Safe-autonomy layer: install → eval → plan → build → pause → resume

Let agents run. Pause before they thrash.

Forgeloop is the fail-closed control plane for coding agents. Install it into a repo, run real plan/build loops against tests and checks, and when the same failure keeps repeating, Forgeloop pauses, preserves state, writes escalation artifacts, and asks the human for the next move instead of free-spinning.

What happens when the agent gets stuck

Forgeloop turns a bad loop into a reviewable handoff:

  1. stops retrying the same failure
  2. writes [PAUSE] into REQUESTS.md
  3. drafts ESCALATIONS.md and QUESTIONS.md
  4. records state in .forgeloop/runtime-state.json

Quick install

Install the kit into any repo, prove the control plane, then run a planning/build cycle. Secondary systems like skills and knowledge can compound later.

REPO=/path/to/target-repo
./install.sh "$REPO" --wrapper
cd "$REPO"
./forgeloop.sh evals
./forgeloop.sh plan 1
./forgeloop.sh build 10
# Optional: ./forgeloop.sh sync-skills
# Continuous mode: ./forgeloop.sh daemon 300
proof first machine-readable state fail-closed pauses repo-local install

How it works

The core loop is simple: prove the runtime, plan work, build against real checks, and pause into a clean human handoff when the same failure keeps repeating. Knowledge, experts, skills, and ingestion are optional systems that compound on top of this base loop.

flowchart LR
    I[Install into repo] --> E[Run ./forgeloop.sh evals]
    E --> P[Plan work]
    P --> B[Build against checks]
    B --> D{Passing?}
    D -->|Yes| N[Next task]
    D -->|No, repeated| X[Pause + escalate]
    X --> A[Write REQUESTS / QUESTIONS / ESCALATIONS / runtime-state]
    A --> H[Human answers once]
    H --> R[Resume cleanly]
    R --> B
            
Daemon mode: Optionally run ./forgeloop.sh daemon 300 to poll on an interval and run loops automatically. Control with [PAUSE], [REPLAN], [DEPLOY], and [INGEST_LOGS]. When verify/CI/push keeps failing, Forgeloop pauses and drafts the handoff instead of free-spinning.
1

Install + prove

Install Forgeloop into the repo, then run ./forgeloop.sh evals so you know the control plane, runtime state, and escalation path work in this layout.

2

Plan + build

Run planning/build loops against your real specs, repo checks, and branch state instead of one-shot prompt glue.

3

Pause + resume

Repeated failures stop the loop, draft the handoff, and wait for human input. Clear the blocker once, then resume cleanly.

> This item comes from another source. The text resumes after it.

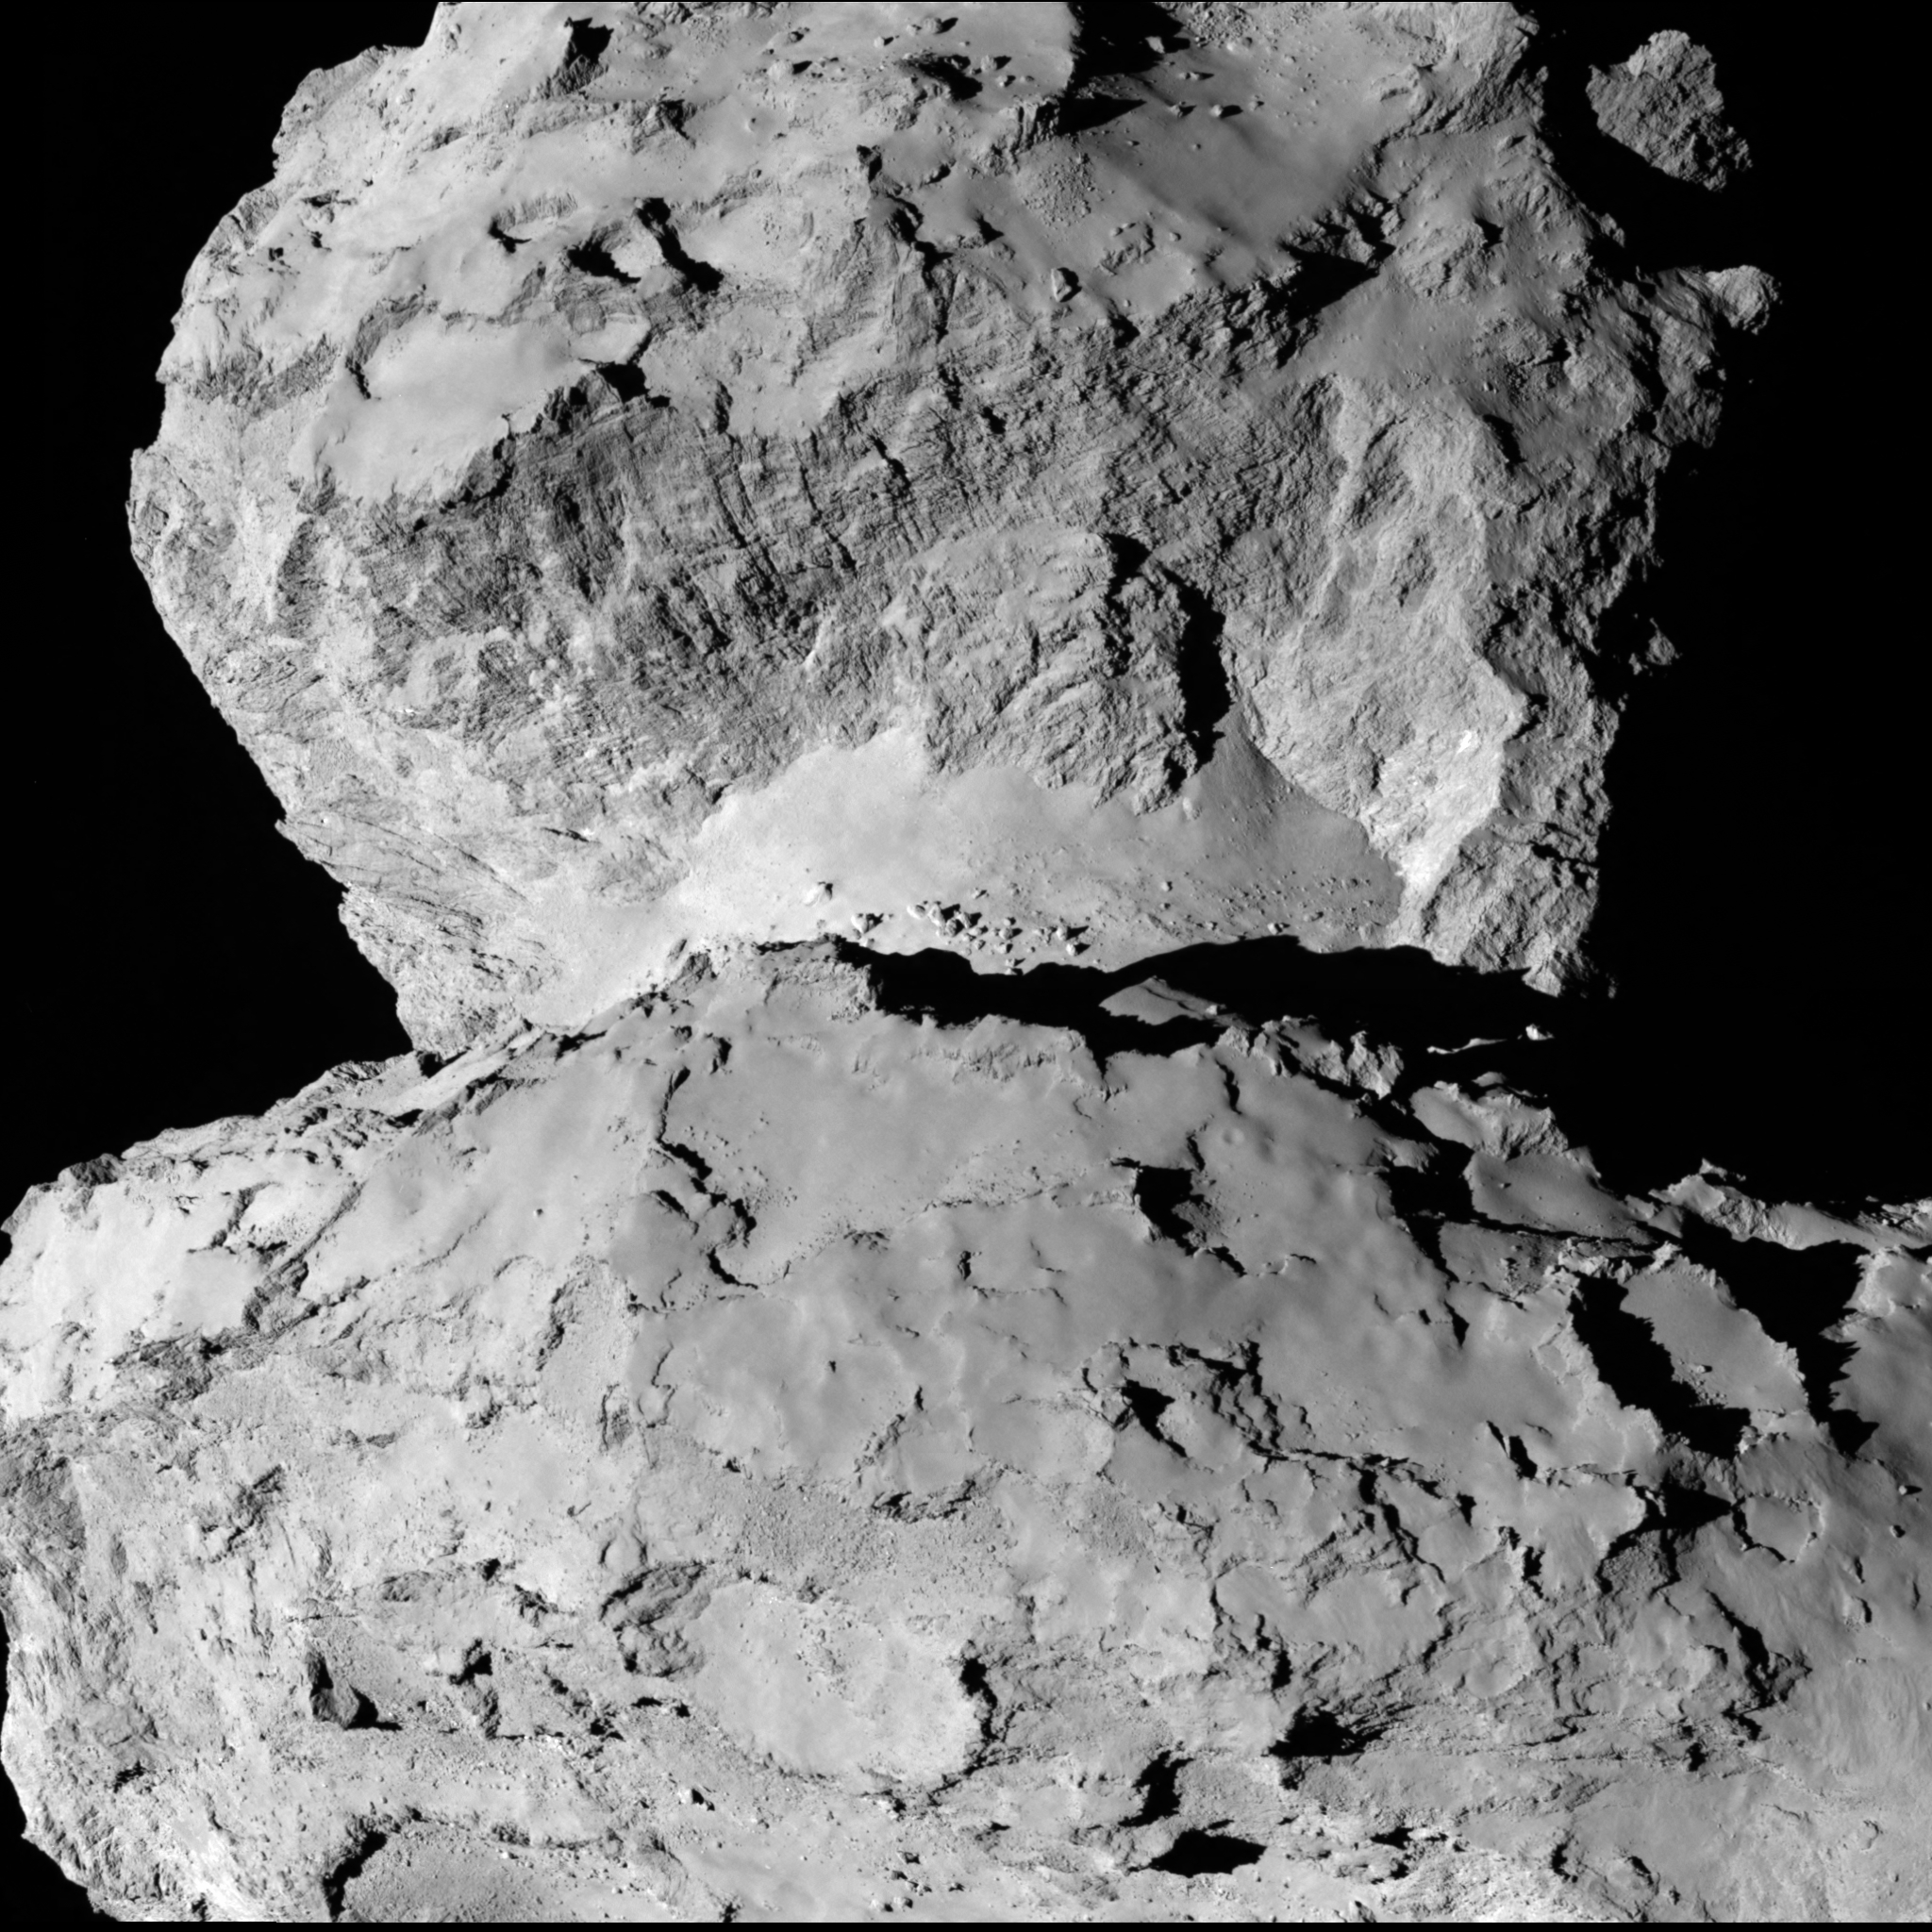 APOD: 2014 August 19 - Contrasting Terrains on Comet Churyumov

Full-auto ≠ reckless: in auto-permissions mode, the agent can run arbitrary commands. Run in a dedicated VM/container. Treat the environment as disposable. See docs/sandboxing.md.

Secondary system: Skills

Skills are an optional compounding layer. When a workflow becomes reusable, capture it as a repo-local Skill so Claude Code / Codex can discover and reuse it.

Operational (ICs)

One job. Repeat forever. The “how we do X here” playbook that keeps agents consistent across repos and time.

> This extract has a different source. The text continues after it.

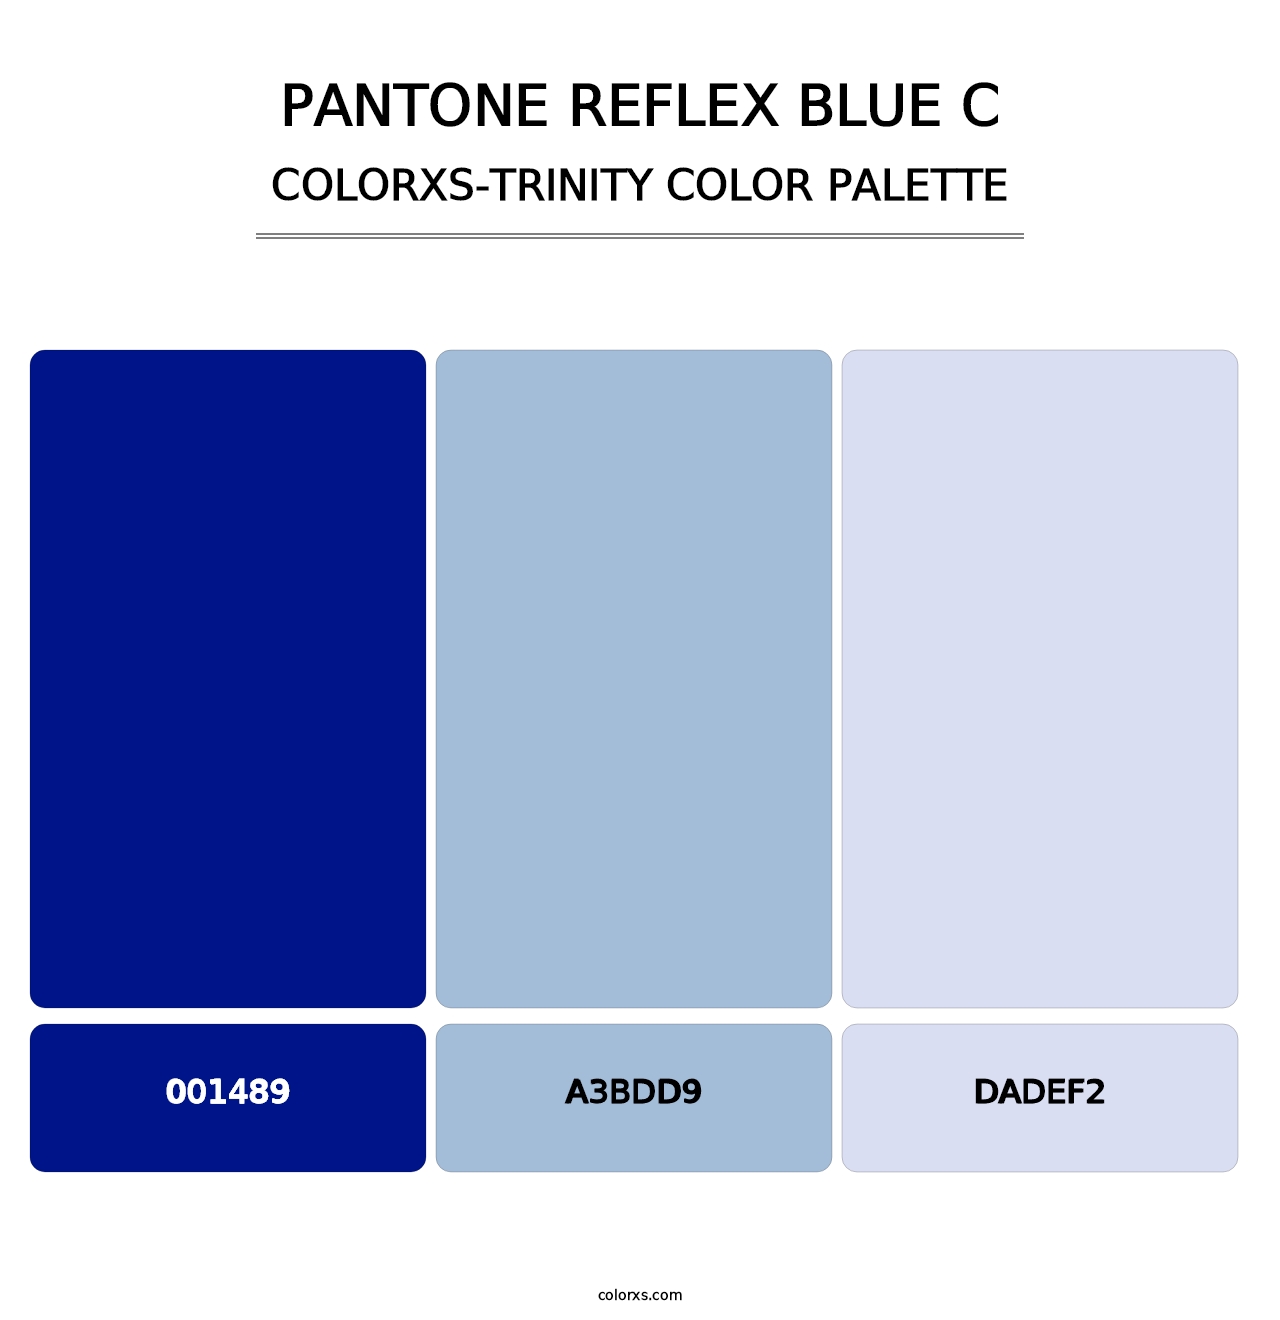 PANTONE Reflex Blue C - Colorxs Trinity Palette

single-purpose scripts/ references/

Meta (managers)

Plan, gate, and steer the loop. Keep standards consistent. Turn “good taste” into a repeatable protocol.

project-architect skillforge completion-director

Composed (middle management)

Chain skills into a delivery pipeline: brief → plan → forge → execute → validate. Build your internal “skill factory”.

builder-loop voltrons

Forge + sync

Project skills live at skills/ (repo root). The kit ships a base library under forgeloop/skills/. Sync them into .claude/skills (Claude Code) and .codex/skills (Codex) so agents can discover and reuse them. If a sandbox blocks Codex mirroring or a destination exists as a non-symlink (your custom skill), sync-skills will warn and skip.

./forgeloop.sh sync-skills
# Optional: also install to user skill dirs (Codex/Claude/Amp)
./forgeloop.sh sync-skills --all
# Force overwrite non-symlink collisions
./forgeloop.sh sync-skills --force-symlinks
Keep skills secondary: the control plane should be trustworthy even if you never create a single Skill. Add them when a workflow is clearly worth repeating.

Secondary system: Knowledge & Experts

Integrated from marge-simpson: persistent memory across sessions and domain expert routing for specialized guidance. These are helpful, but they are not daemon control flags and they are not the main product promise.

Knowledge Persistence

Session-to-session memory stored in system/knowledge/. Tracks decisions, patterns, preferences, and codebase insights. Entries decay after 90+ days without access.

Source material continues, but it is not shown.